О церкви ей говорил Сожженный.
Но она уже заранее знала и чувствовала, что он хотел ей сказать. Сердцем и животом в те неподвижные дни. Сожженный говорил, что в том послании апостола Павла под «удерживающим» (катехоном), тем, кто притормаживает наступление конца мира, возможно, подразумевалась, да, именно церковь. Своими кругами богослужений, дневным, недельным, годовым. Церковь успокаивала его (времени? да) бег, его течение к концу мира, замыкала в кольцо. И не только своими кругами, всем, всем своим внутренним неподвижным движением.
«Видишь?» – спрашивал шепотом Сожженный, когда мимо них проходил седоватый батюшка (забыла имя) с кадилом. И показывал взглядом на кадило. Вперед-назад, вперед-назад… Да, маятник. Маятник, не движущий никаких шестеренок, ничего. Ничего, кроме этого легкого дыма. Вперед-назад… И так всё, всё здесь. Иконы с их неподвижными фигурами. Священник, тихо позвякивая, прошел. Она стала слушать хор. Потом себя. Потом снова хор.
О Матвее она почти не думала.
Только один раз, отчетливо. Там, в церкви. Как раз когда прошел священник, оставляя за собой дымный след. Она посмотрела на большое темное распятие; в основании его желтел череп.
Она старалась не глядеть больше на череп. Ей было хорошо.
Счастье (или что это было) закончилось так же внезапно. Иногда она пыталась сосчитать, сколько дней это продолжалось, и сбивалась со счета. Пошли дожди.
Свет исчез, и прозрачная неподвижность. Стал исчезать Сожженный. Снова водил свои экскурсии в черной куртке под черным зонтом. Возвращался мокрый и уставший.
Исчезли ночные прогулки. Куда-то затерялась белая свеча, а другие зажигать не хотелось. Пользовались электричеством. Его почти перестали отключать.
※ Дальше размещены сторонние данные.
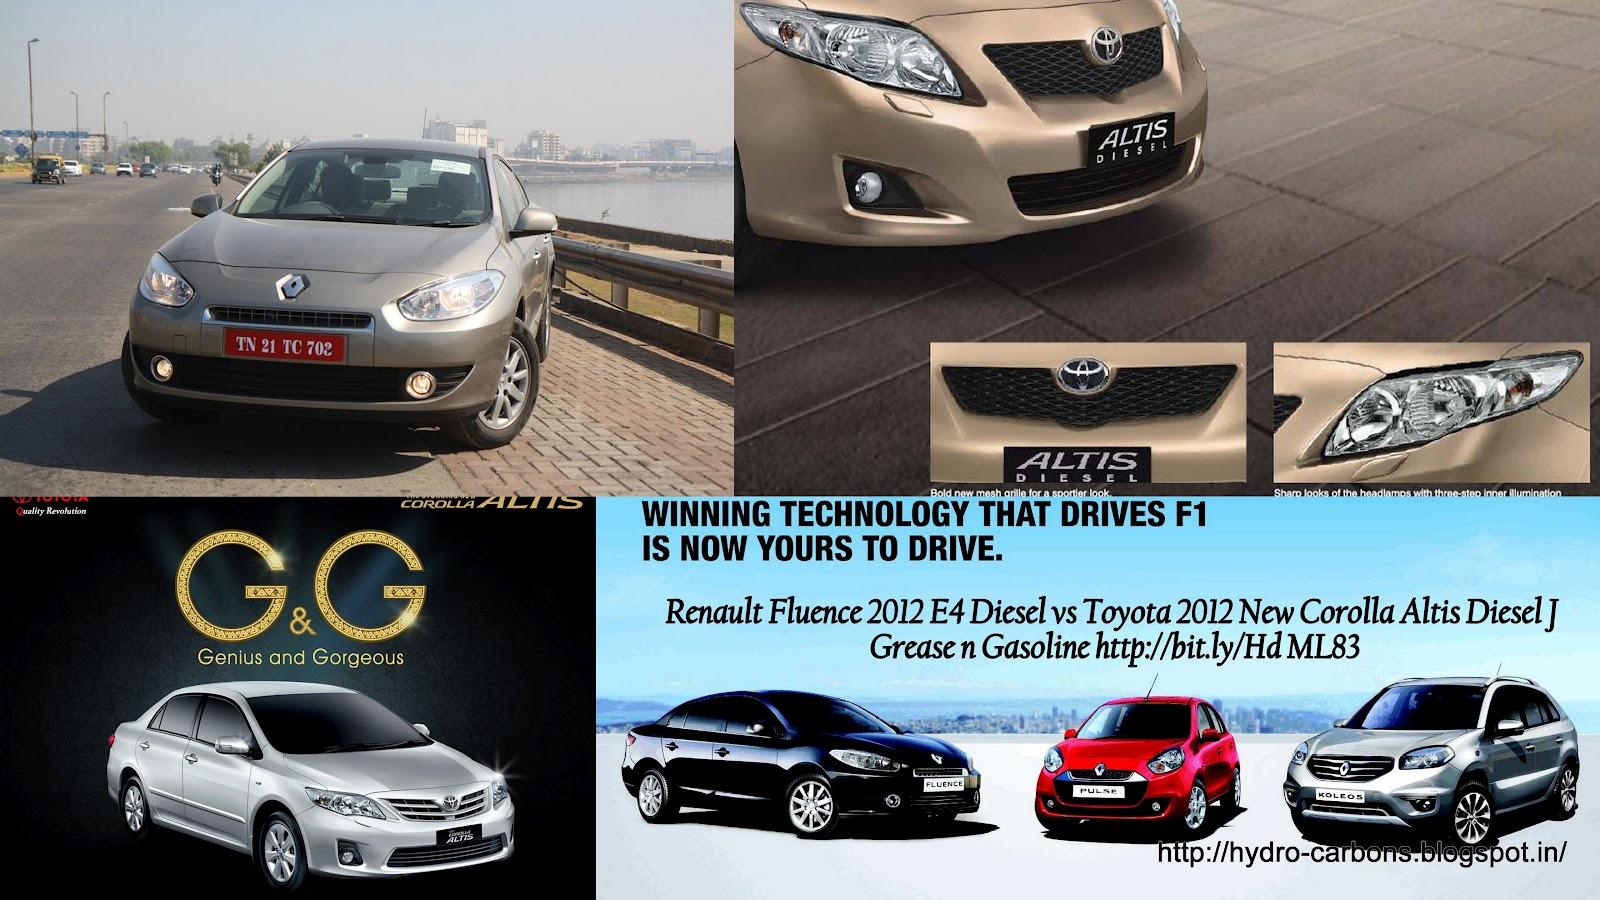 http://4.bp.blogspot.com/-dfXwHdGrwco/T3wn7UZI3oI/AAAAAAAAOy8/ZdM-6-X7yzk/s1600/Renault%2BFluence%2BDiesel.jpg

Прекратилась церковь. Сожженный ходил, она оставалась дома. «Куда, под дождем?» – спрашивала, когда он тихо звал ее. «На машине же», – и смотрит на нее. Она мотала головой. Ушло. Было и ушло. Сожженный собирался, она слышала звук двери. И садилась в кресло, неподвижно сидела, пока не становилось совсем темно.
Возвращался Сожженный, осторожно включал свет. Молча готовил ужин. Она кричала, чтобы он выключил свет. Он выключал, тоже молча.
Она сидела неподвижно, сердце колотилось. Страшно колотилось сердце в эти дни, она пыталась его успокоить. Пила таблетки. Начали неметь руки. Что? Да, надо было к врачу. Но от мысли о враче сердце вообще приходило в бешенство. От одной мысли о белых халатах и холодных мокрых присосках, которые будут налеплять на нее.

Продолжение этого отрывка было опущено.